One of the challenges in our close interpersonal relationships often has a simple cause: we tend to express love in a way others don’t automatically understand. For example, he sends you a lovely greeting card when what you really want is time to talk. She is very generous with her words of affirmation and love when what you really desire is a gift. The problem in these examples isn’t your feelings of love for that individual; it’s the manner in which you’re expressing them.
The challenge in expressing love to another person is expressing it in a manner they easily understand as opposed to expressing it in the manner you feel most comfortable with. The style of expression that communicates love most powerfully to you may have less meaning to the person receiving your expression of love. This is why understanding each other’s unique needs and learning how to express your love so it’s easily recognized often has a profound impact on your relationship.

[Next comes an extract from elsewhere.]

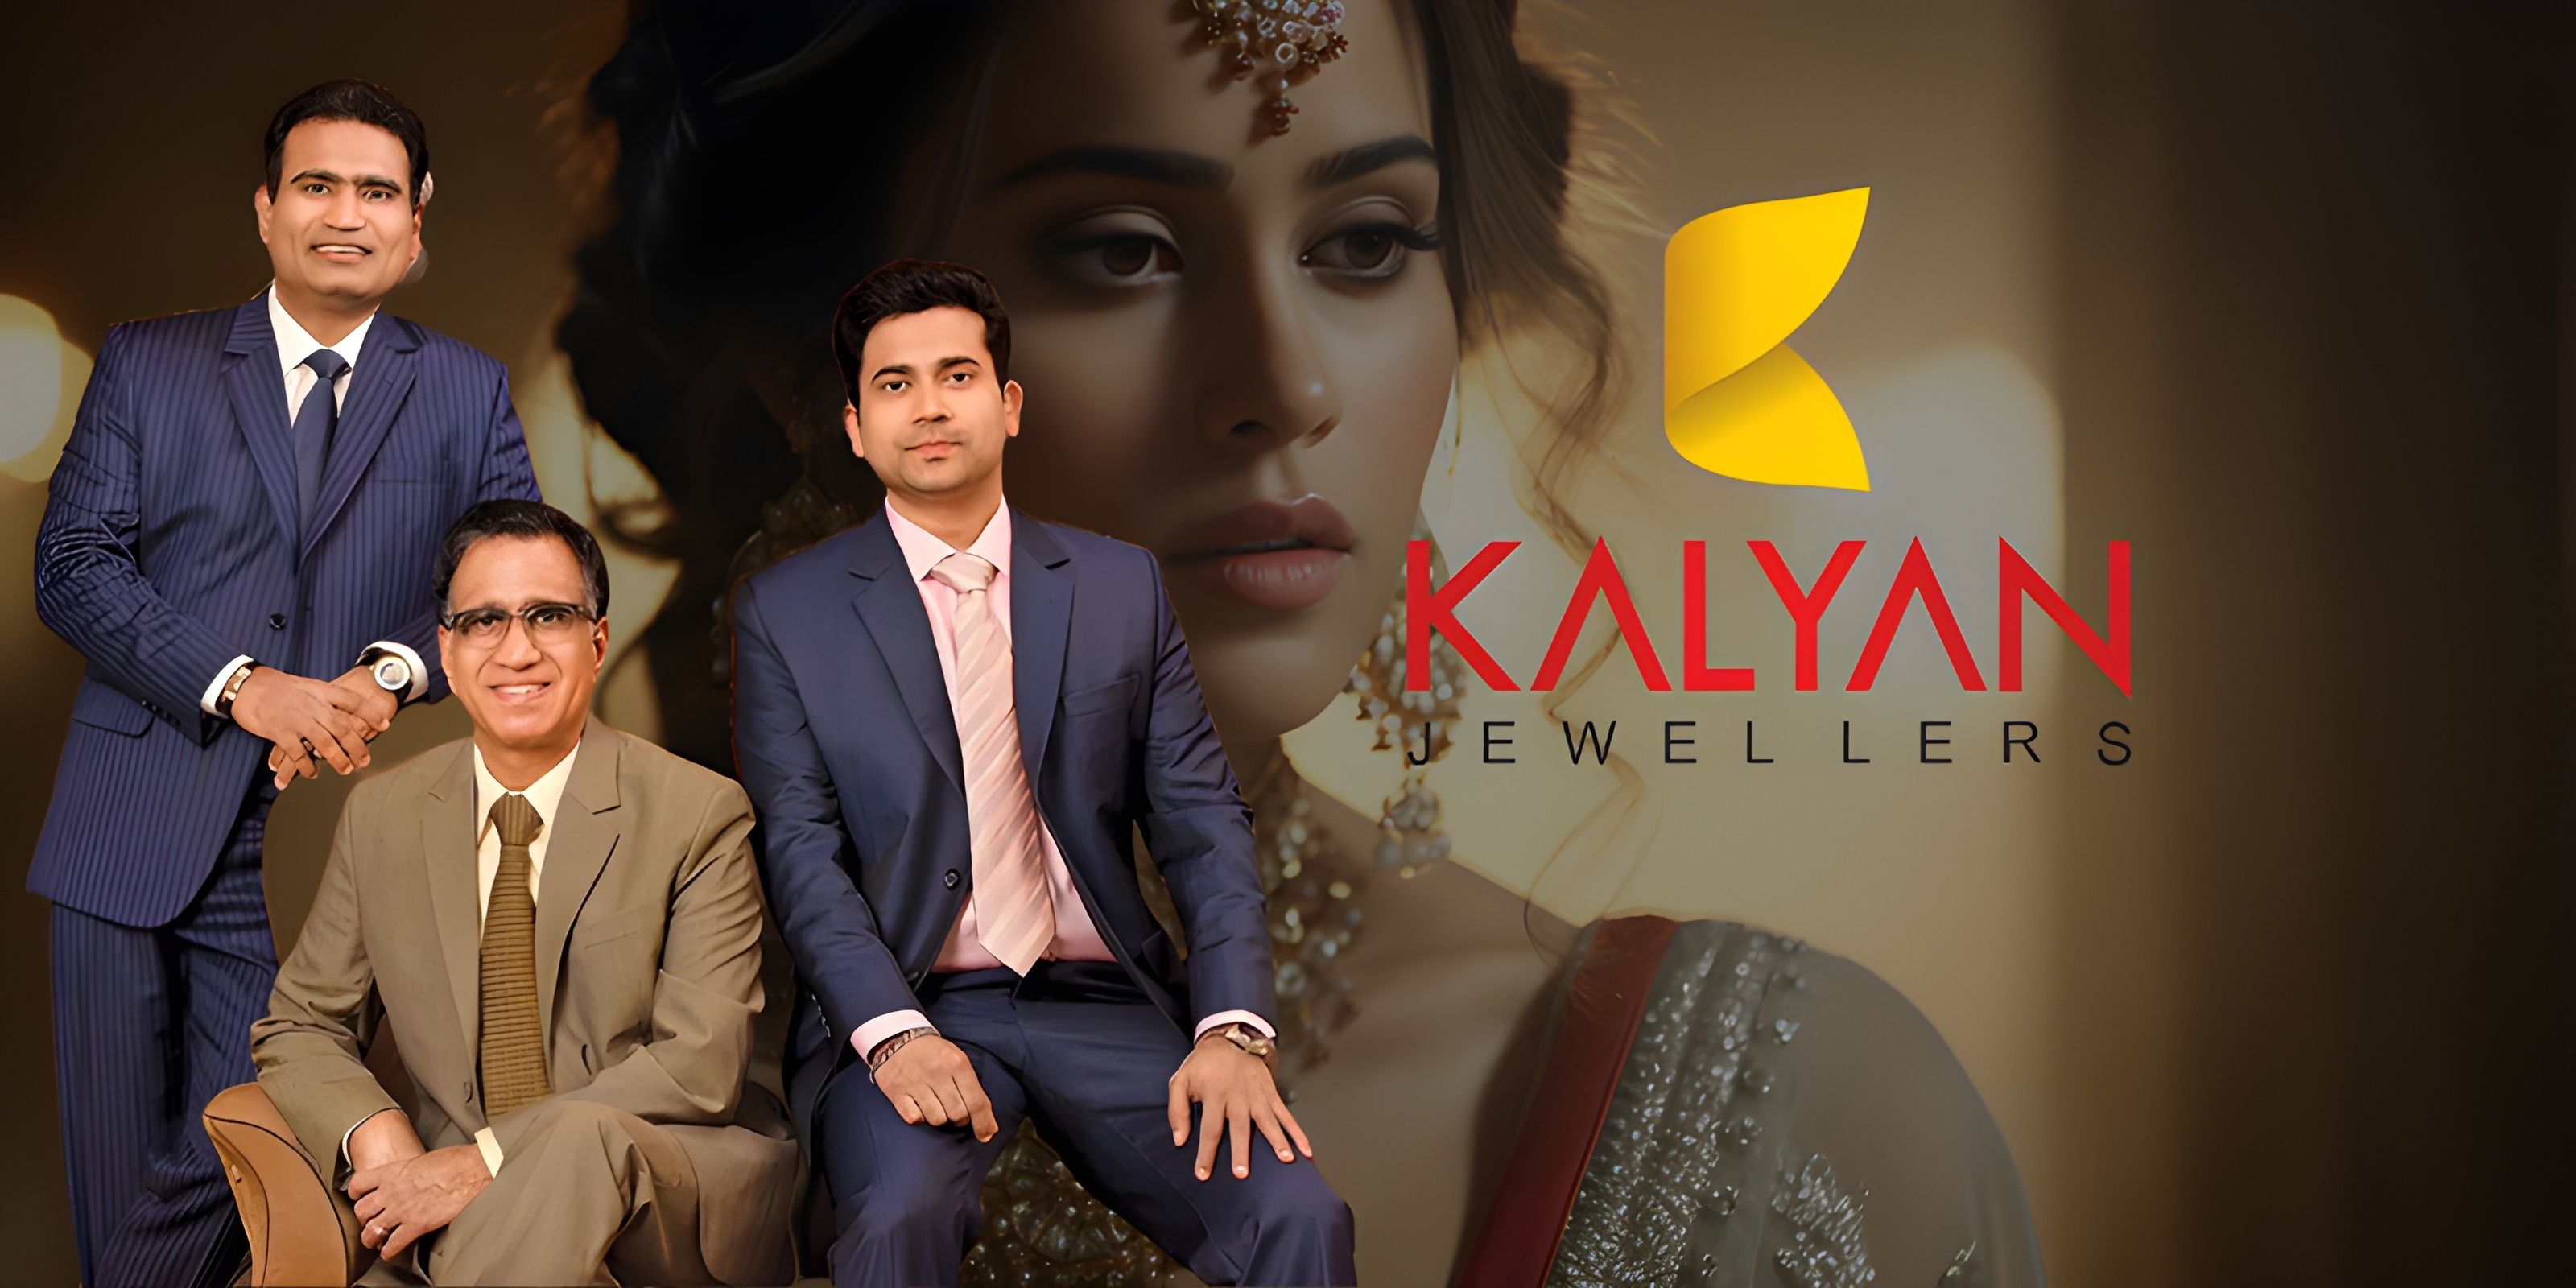 Kalyan Jewellers: A Century-Long Journey of Trust

While working as a marriage counselor, Dr. Gary Chapman identified the following styles of receiving and communicating love, which he explains in his book The Five Love Languages. They are:
Words of Affirmation: You feel most loved when your partner is open and expressive in telling you how wonderful they think you are, how much they appreciate you, and so on.
Acts of Service: You feel most loved when your spouse offers to watch the kids so you can go to the gym or get some extra sleep.
Physical Touch: You feel most loved when your spouse puts their arm around you or gives you a warm hug or a kiss.
Quality Time: You feel loved when your significant other spends time with you and is fully present and engaged in the activity at hand (in other words, no cell phone).
Gifts: You feel most loved when your partner takes the time to give you a thoughtful card or gift that reflects an understanding of your wants or needs.
How do you discover the love language of the person you love? I would suggest you simply ask. For some, all of the above may work equally well, while others may respond only to one. They may have to think about it before they’re able to identify the manner that works best for them, and it may be situation specific—a gift for Valentine’s Day and acts of service during times of stress, for example.
It doesn’t matter whether your significant other is someone you’re dating, your spouse, your child, or someone else; learning how to express love in a manner that they easily understand is often the key to creating greater depth to your emotional bond.